The doctrine stated in a recent unanimous decision by the court en banc is that "A statute cannot delegate unfettered discretion at large in the legislative field, but must be complete enough to declare the will of the lawmakers within practicable limits." (Italics ours.) [State ex inf. Crain ex rel. Peebles v. Moore,339 Mo. 492, 498-9, 99 S.W.2d 17.] Here we have a board charged with supervision over registrations and general, special, municipal and primary elections. The dates for all of these elections except the special elections are fixed by other laws.

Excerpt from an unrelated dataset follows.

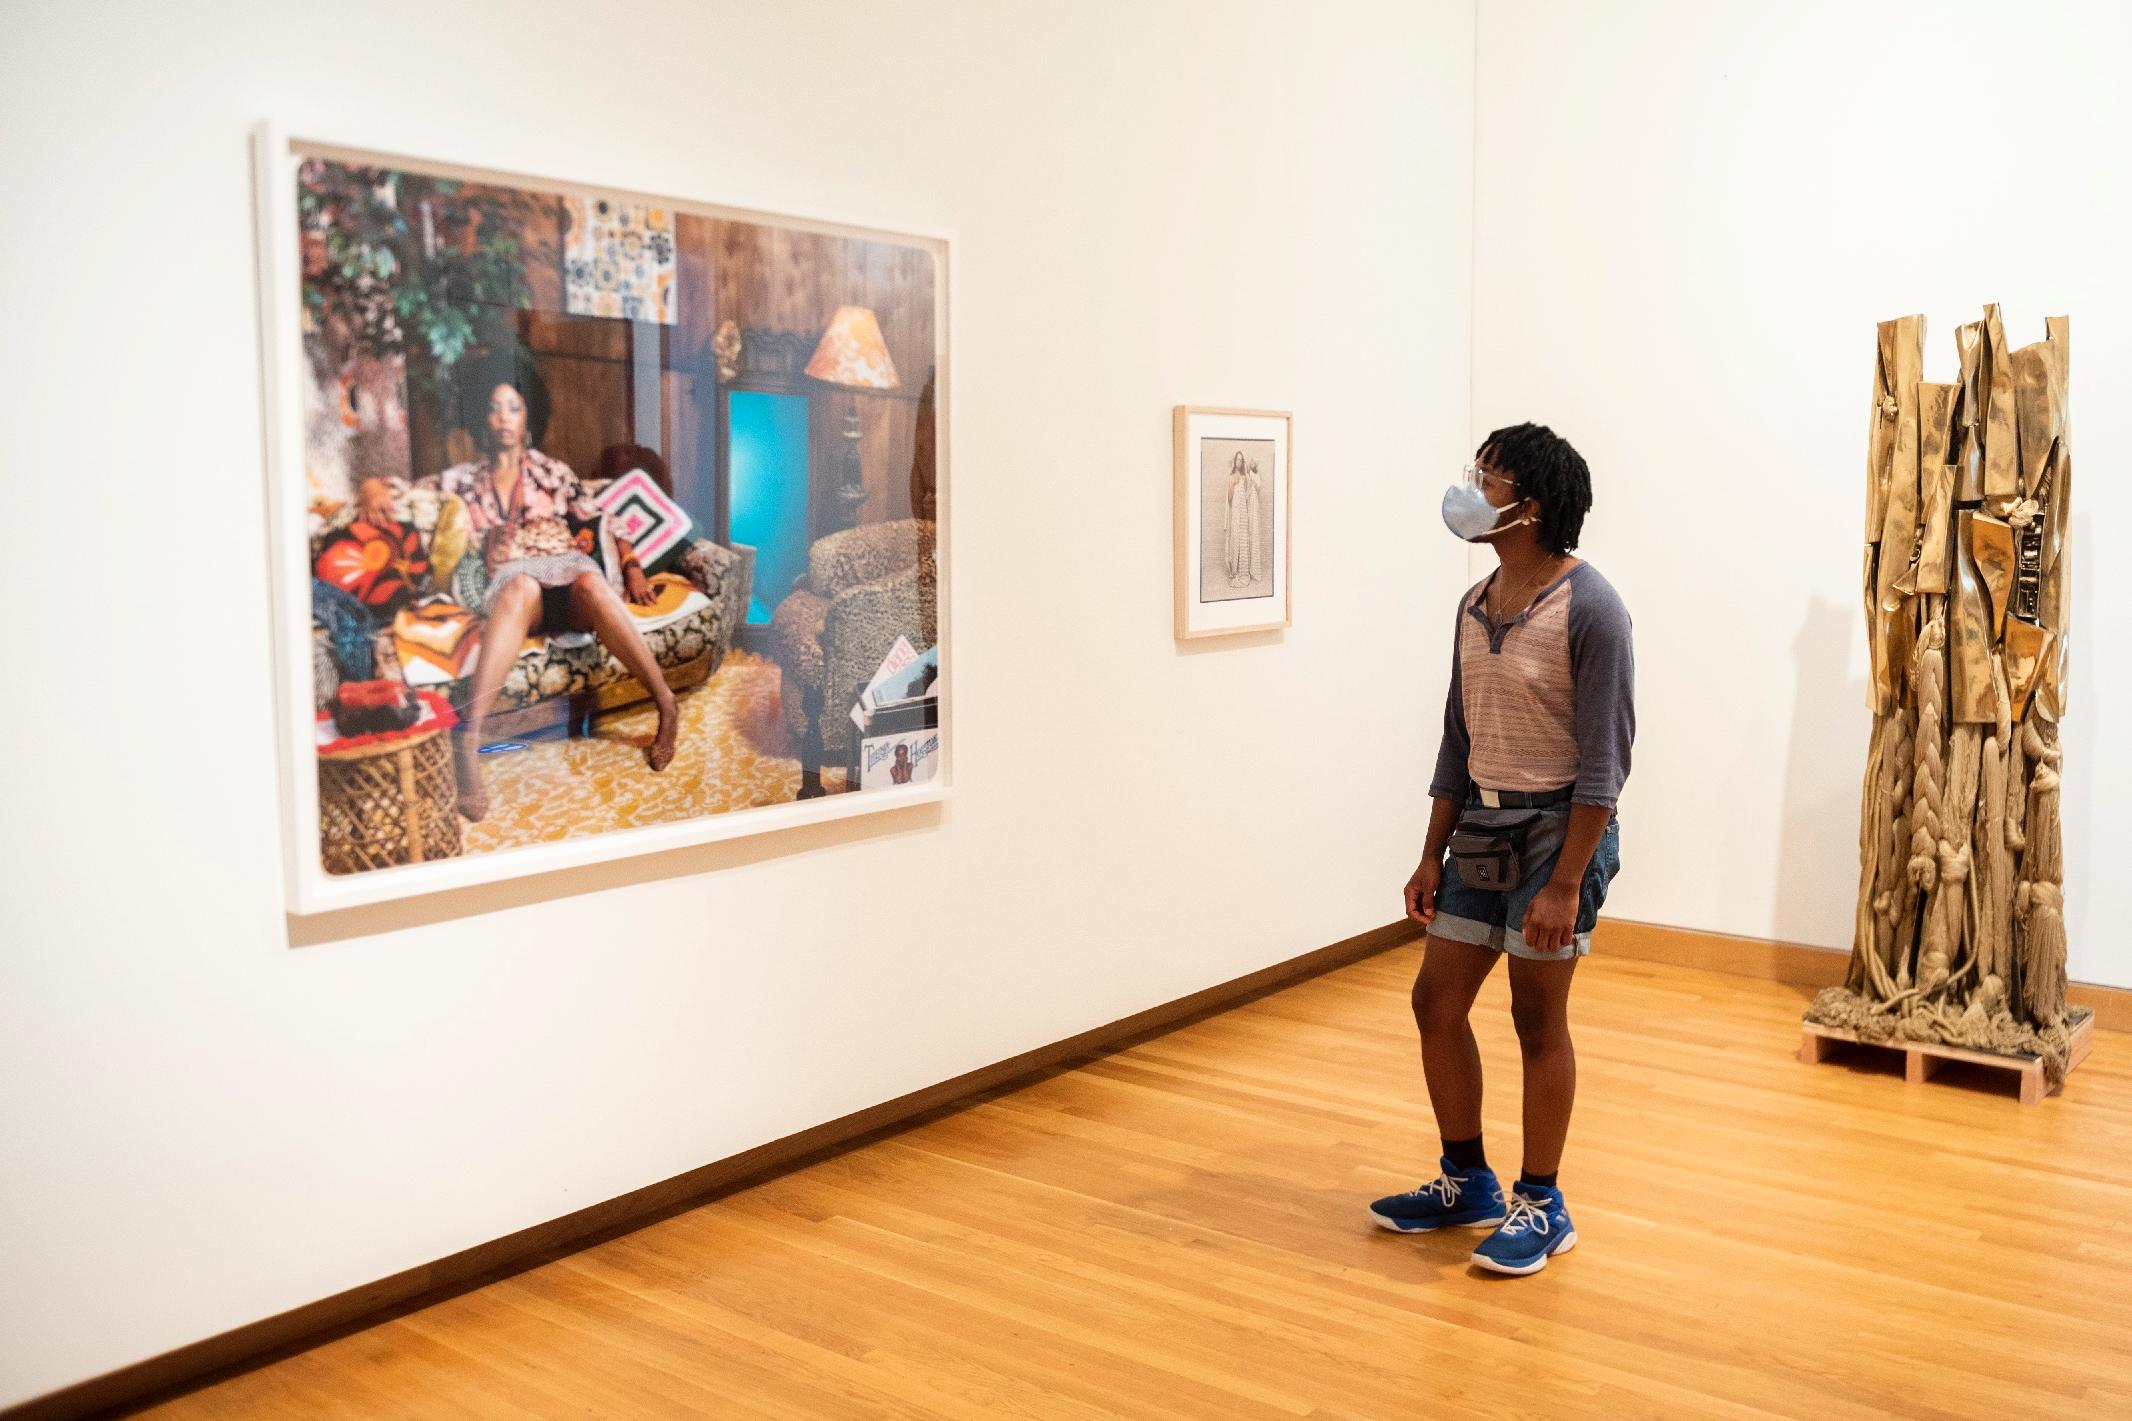 Visitor takes in new exhi bition at the Nasher

Knowing that they occur quadrennially and biennially, and that after the initial registration the duties of that work must settle down to a routine increasing some prior to elections, it is evident that the activities of the board will fluctuate greatly, sometimes as a result of an unforeseeable event such as a special election. The size of the working force must be adjusted to those changes. In making them the board of election commissioners does not act at pleasure, but as an administrative agency working in a limited field under pressure of external conditions contemplated by the Act. Neither does it create the offices, potentially; but merely brings them into actuality. And as stated in the Crain case, the operative effect of a law may be made to depend on more than one *Page 811 contingency or on successive contingencies. Illustrations and decisions on the point are cited there.

The power is not despotic, with absolute immunity from judicial review; but the board's decision is prima facie valid and the county court has no independent power to overrule it. This is not only what the statute means, but is the wiser rule. The way would be thrown open for raids on the treasury if such unlimited power were placed in improper hands, but, on the contrary, the legislative purpose would be thwarted if the board were subject to local domination.

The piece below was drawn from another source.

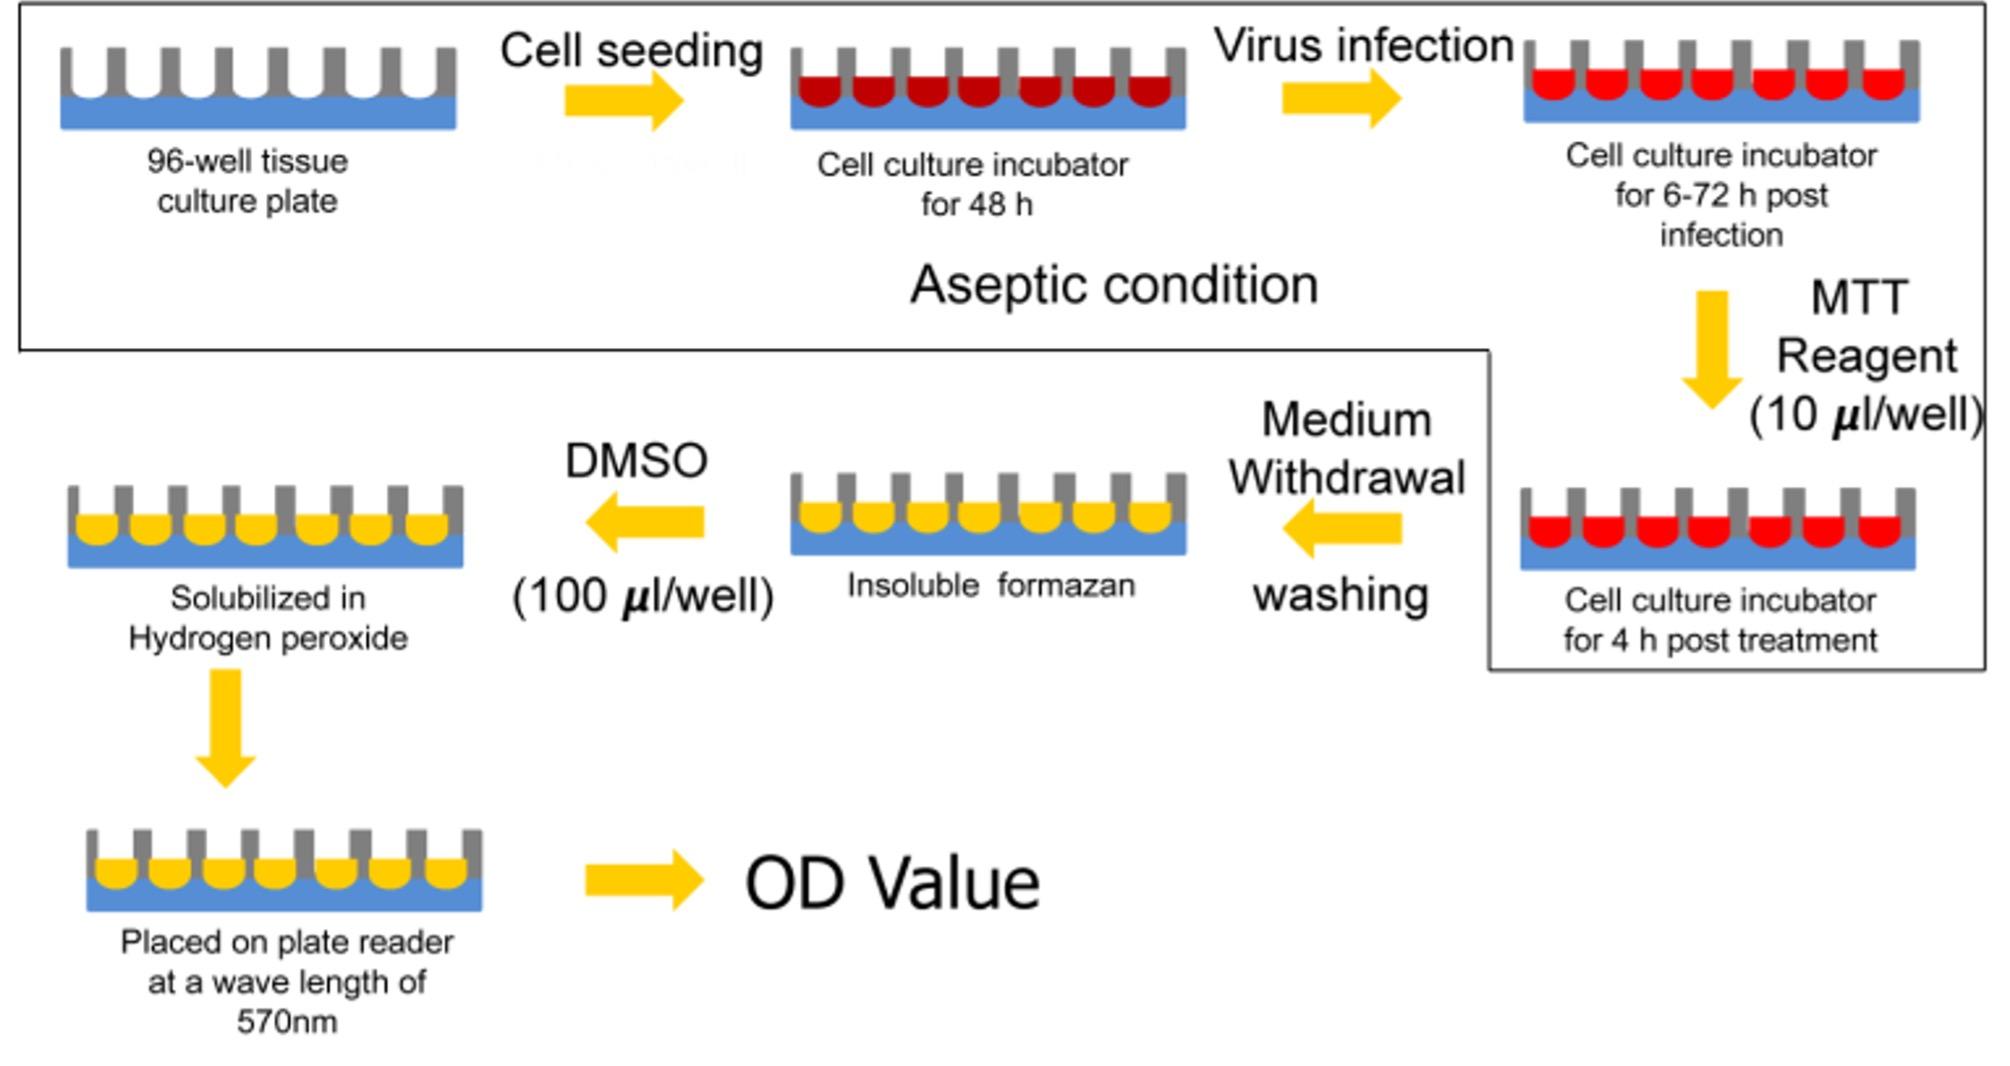 Spectrochemical characterization of Vero cell line against PPR virus infection

Another assignment made by respondent is that Section 92 of the registration Act authorizes the Board of Election Commissioners to audit claims, in violation of Article III of the Constitution, which divides the State government into three distinct departments, executive, legislative and judicial. His theory is that the board is an administrative body but that in auditing claims it exercises a judicial function in violation of the article aforesaid. The doctrine in this State is settled that even a county court (a court of record under the Constitution, Sec. 36, Art. VI) in auditing claims does not act judicially although its action is not purely ministerial because it exercises a discretion. [County of Jackson v. Fayman,329 Mo. 423, 432, 44 S.W.2d 849, 852; Perkins v. Burks, 336 Mo. 248, 253, 78 S.W.2d 845, 848.] One case says its functioning in such instances may be deemed quasi-judicial. [State ex rel. West v. Diemer, 255 Mo. 336, 354(5), 164 S.W. 517, 522.] However all the cases agree that its decision does not make the claimres judicata. If this is true of county courts, all the more should it be said of administrative boards which do not purport to be courts. Many boards and commissions in our State government exercise quasi-judicial functions though they do not belong to the judicial department. Yet none of these exist in violation of the Constitution. There is no merit in relator's contention.

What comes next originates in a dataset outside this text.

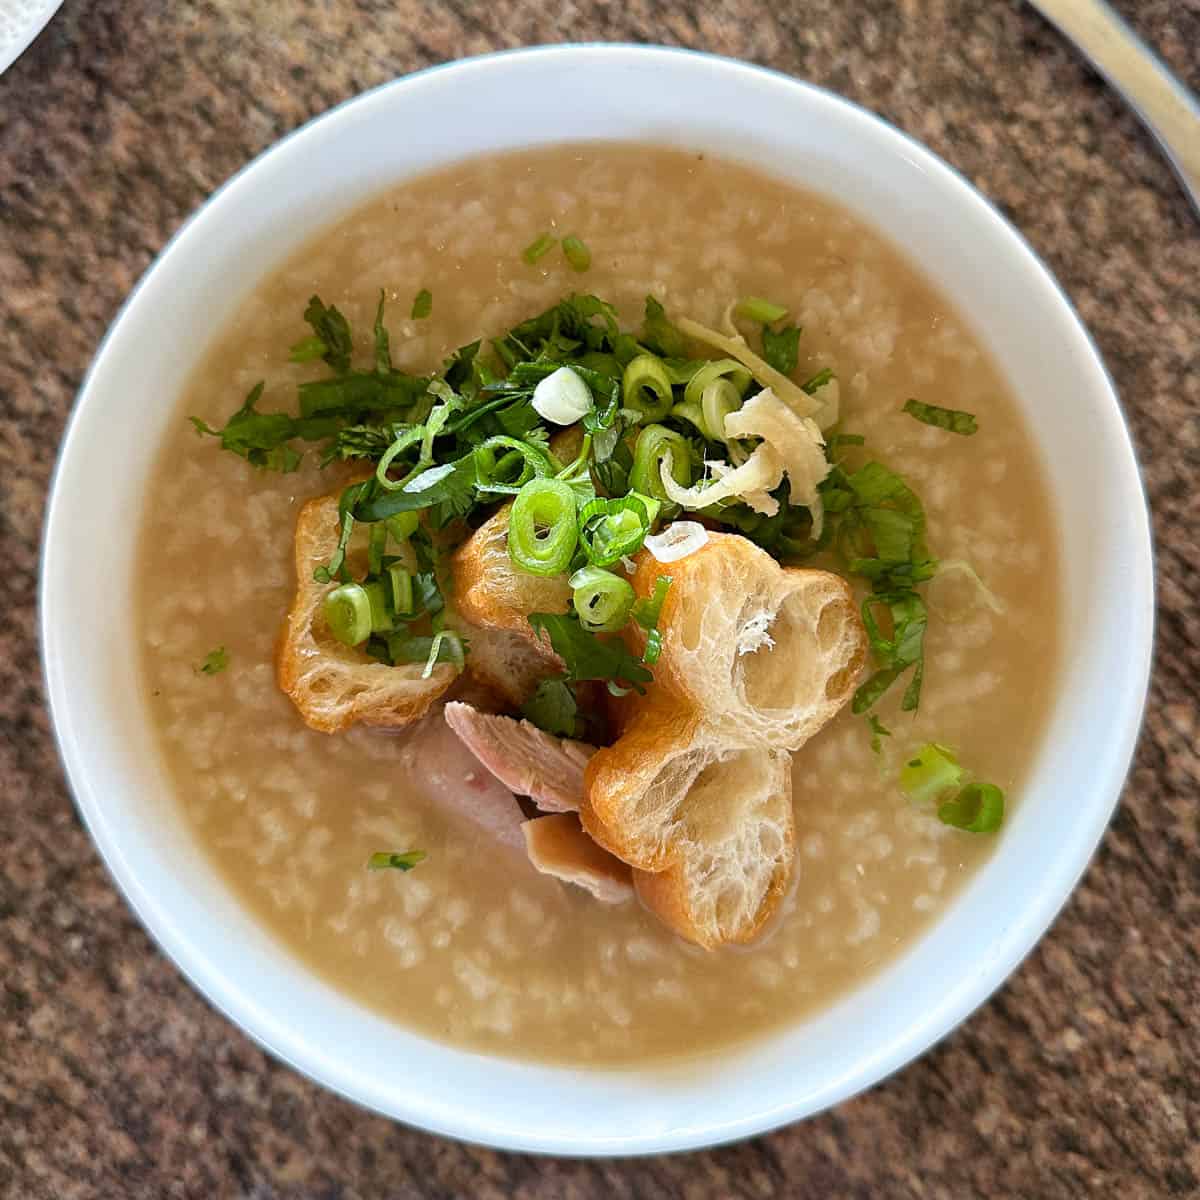 Turkey jook with tasty toppings.

For the reasons stated, in addition to those given in the principal opinion, our alternative writ of mandamus should be made peremptory. Leedy, J., concurs.

* Nickell v. K.C., St. L. C. Rd. Co., 326 Mo. 338,32 S.W.2d 79, 81(5); Service Purchasing Co. v. Brennan (Mo. Div. 2), 32 S.W.2d 81, 83(2); Dietrich v. Brickey, 327 Mo. 189, 192,37 S.W.2d 428, 429(5); Woodling v. Westport Hotel Operating Co.,331 Mo. 812, 823, 55 S.W.2d 477, 481; State ex rel. Walker v. Locust Creek Drainage Dist. (Mo. Div. 1), 58 S.W.2d 452; Chilton v. Drainage Dist. No. 8, 332 Mo. 1173, 1175,61 S.W.2d 744, 745(2); Curtin v. Zerbst Pharmacal Co., 333 Mo. 346, 349,62 S.W.2d 771, 772(3); Moyer v. Orek Coal Co. (Mo. Div. 1), 78 S.W.2d 107, 108(3); Langan v. U.S. Life Ins. Co. (Mo. Div. 1), 114 S.W.2d 984, 985(3).